# Input data

%%

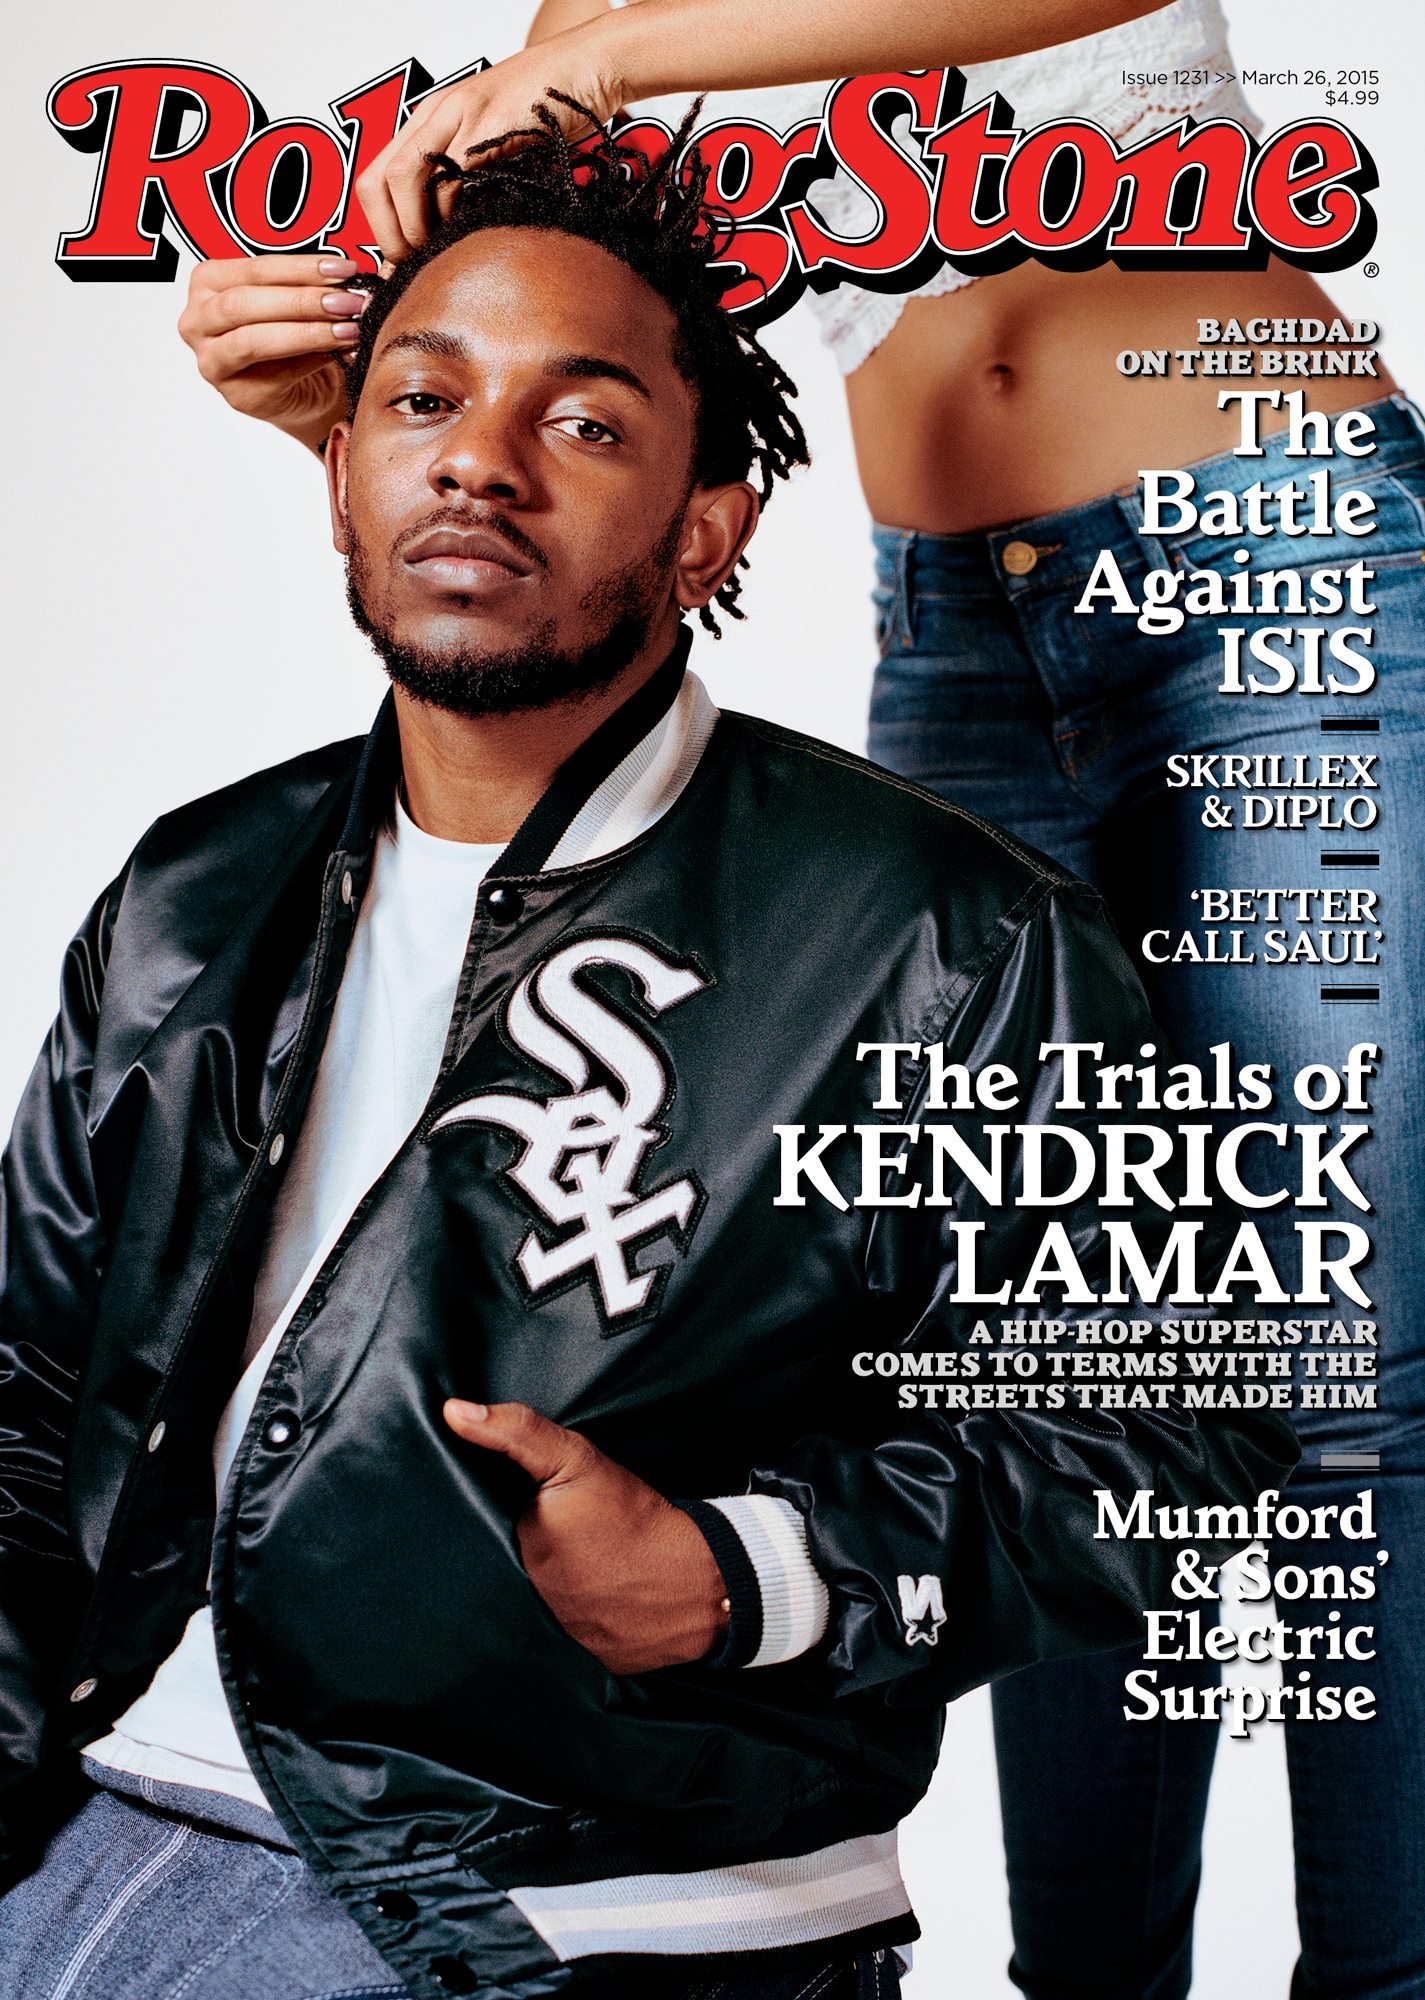 Most iconic Kendrick picture? | Page 4 | Kanye to The
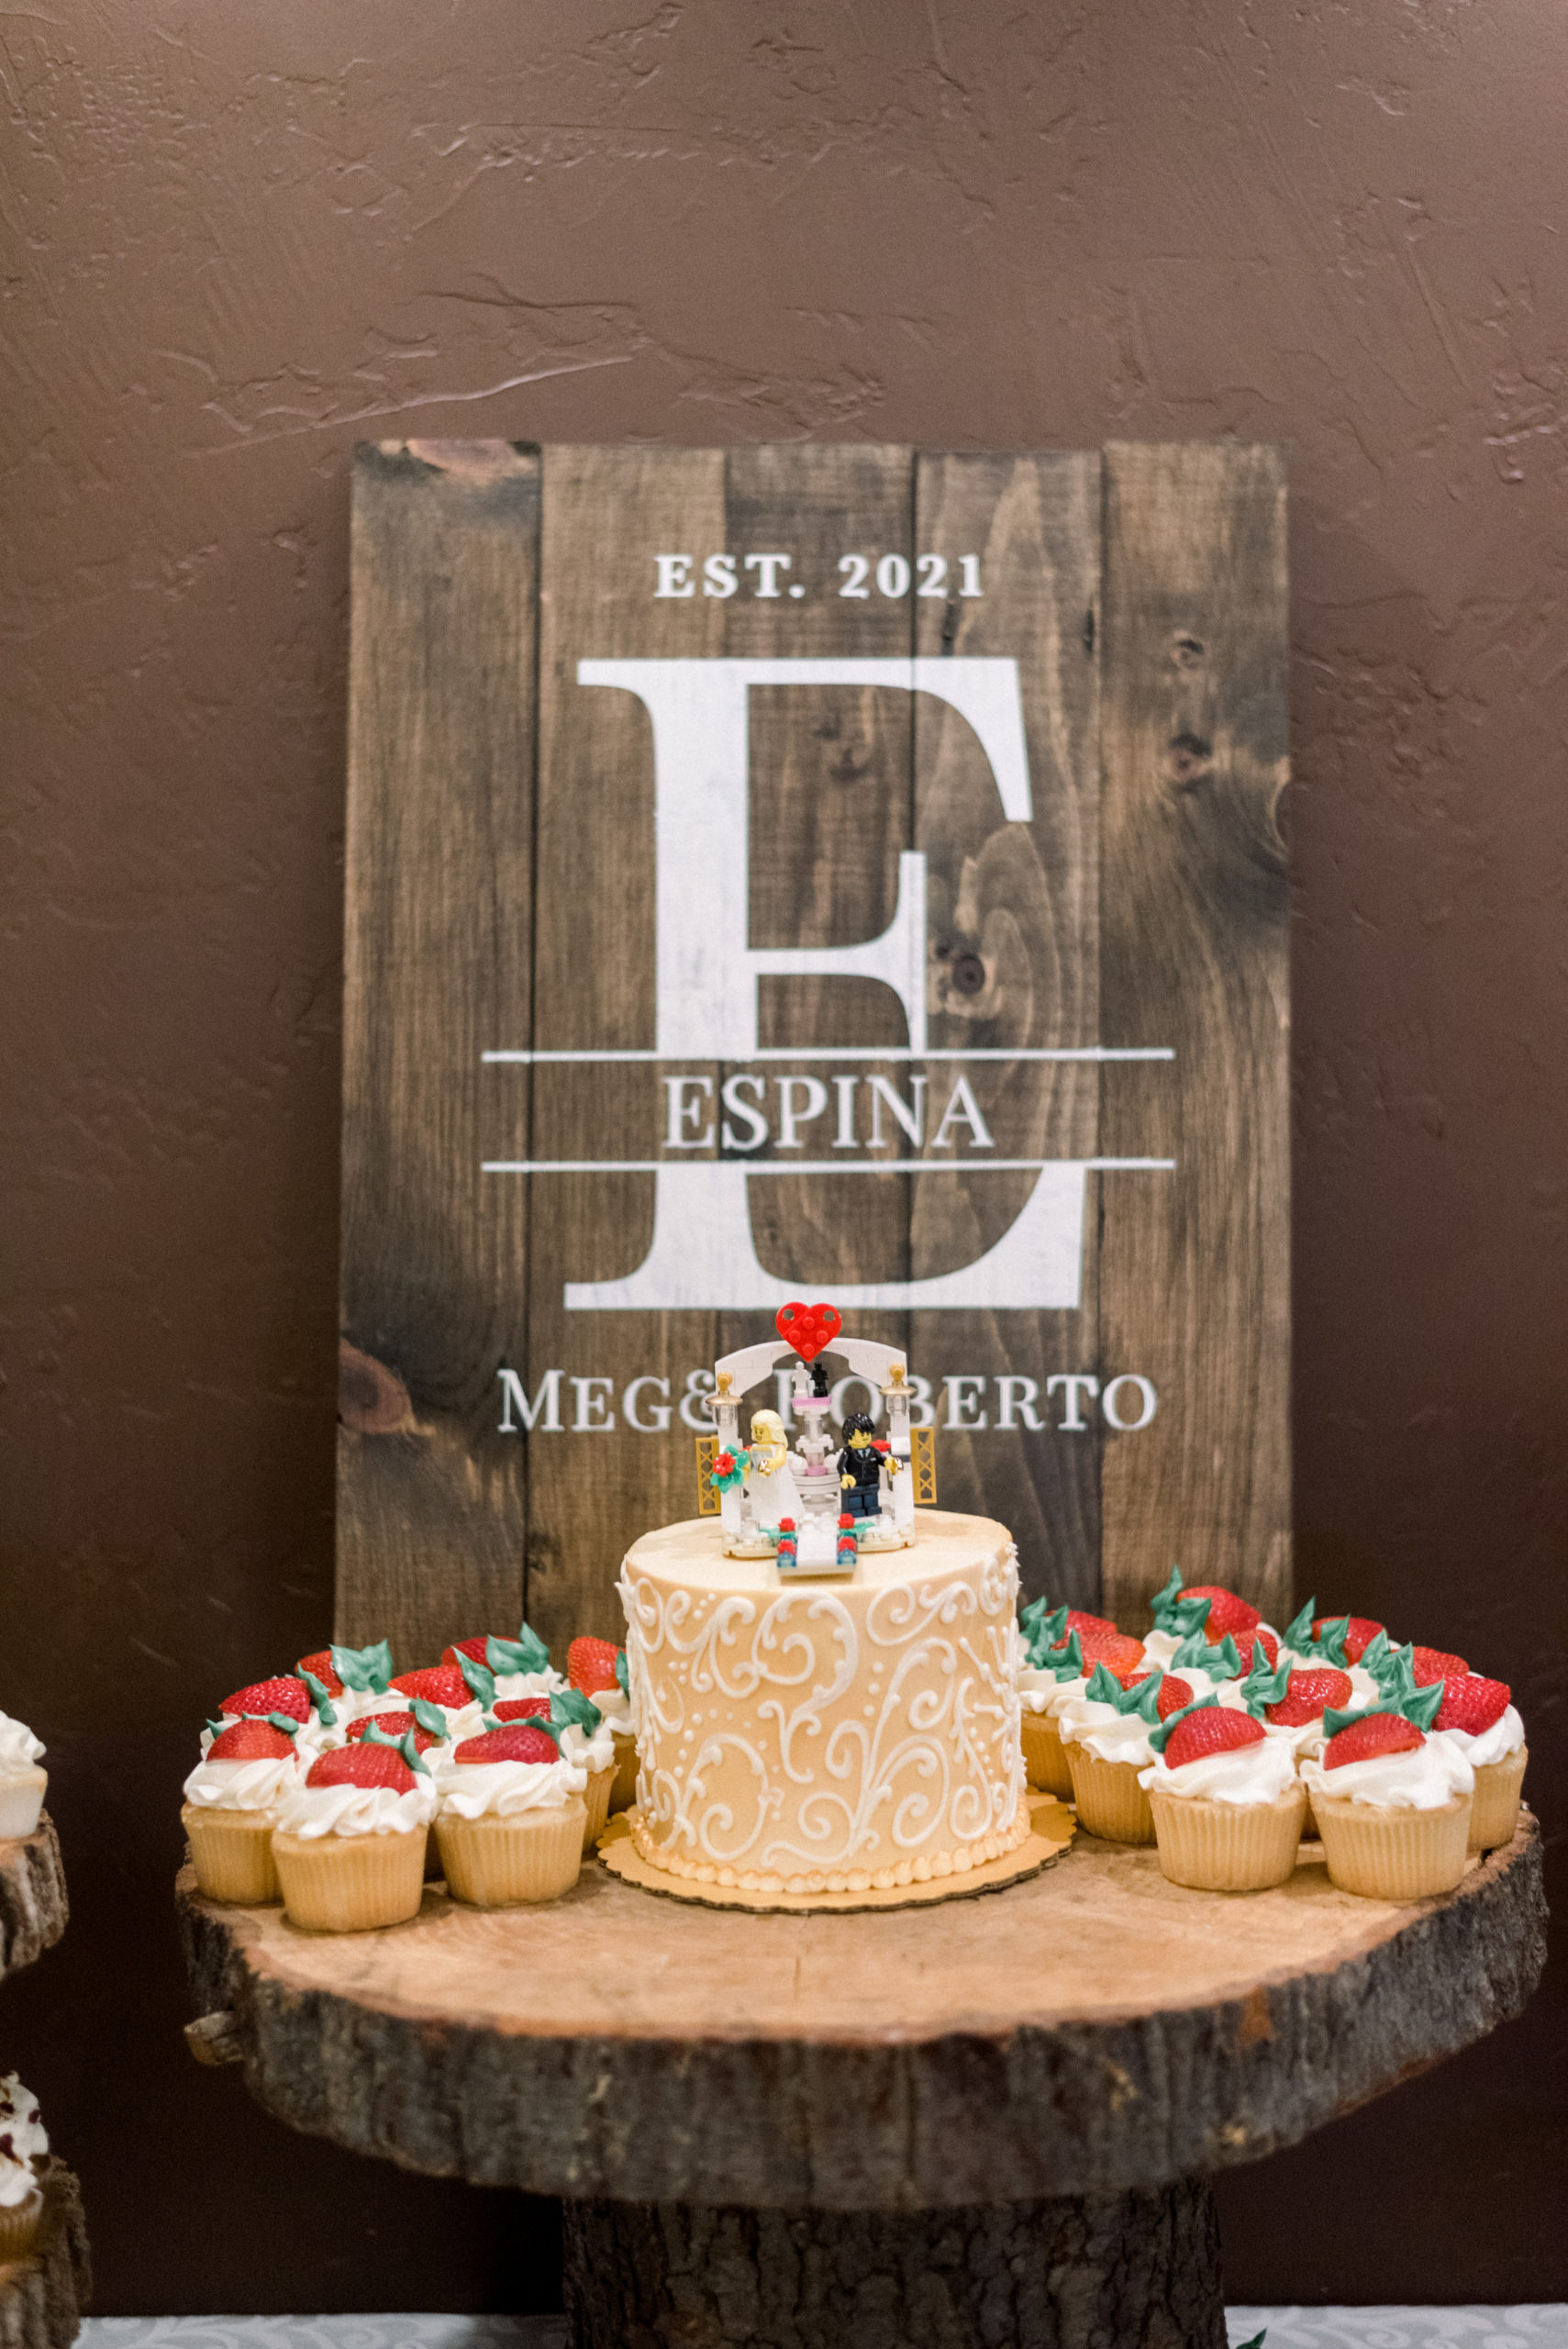 wooden sign beside wedding cake with lego bride and groom on top
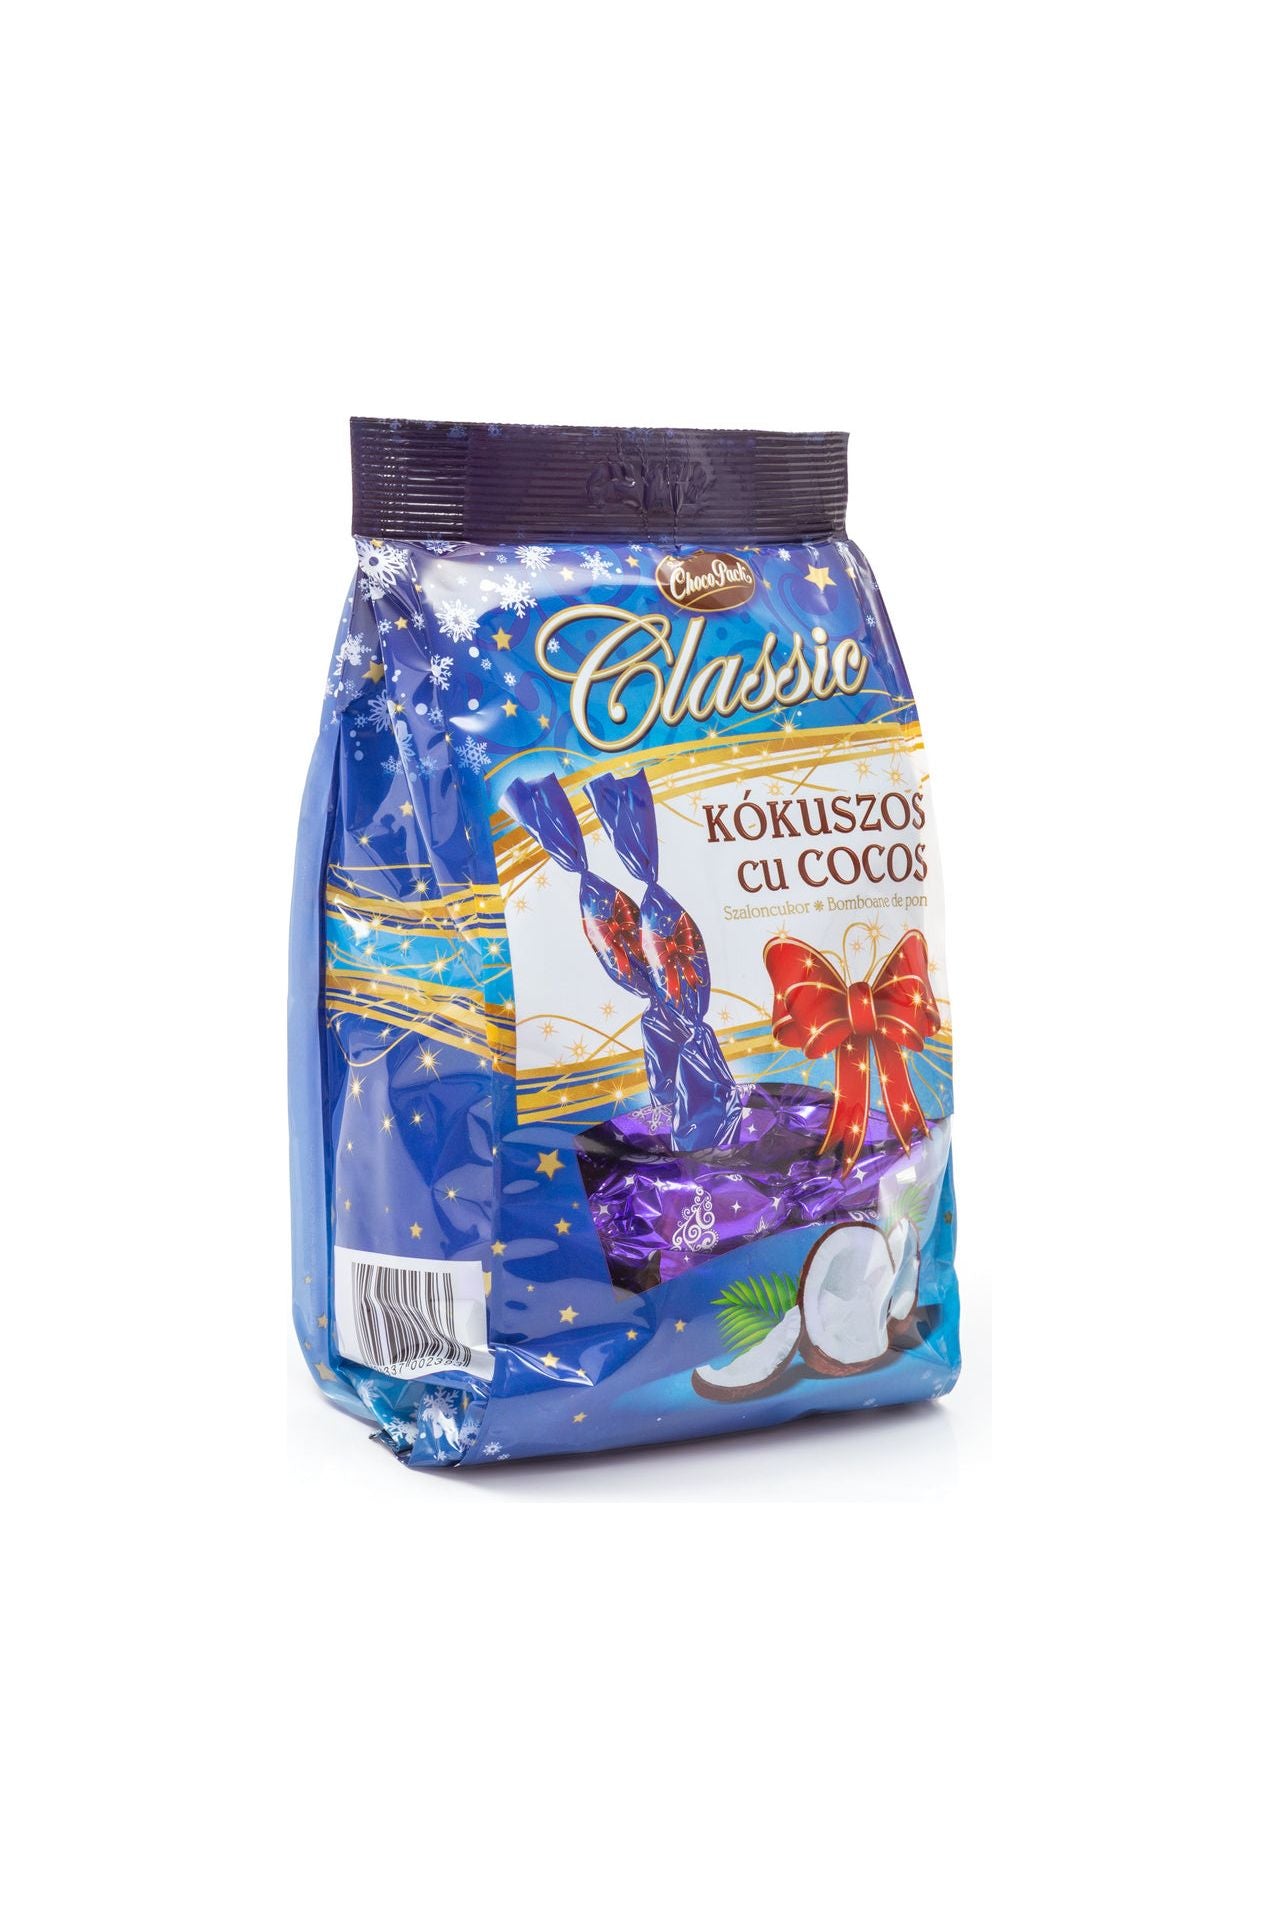 Classic Romanian Candies with Coconut - ChocoPack - 350g

%%

# What the task requires
Beginning with the line that contains "wooden sign beside", write out the remaining lines of the listing above through the last, exactly and only those, without pictures.

# Exercise result
 wooden sign beside wedding cake with lego bride and groom on top
 Classic Romanian Candies with Coconut - ChocoPack - 350g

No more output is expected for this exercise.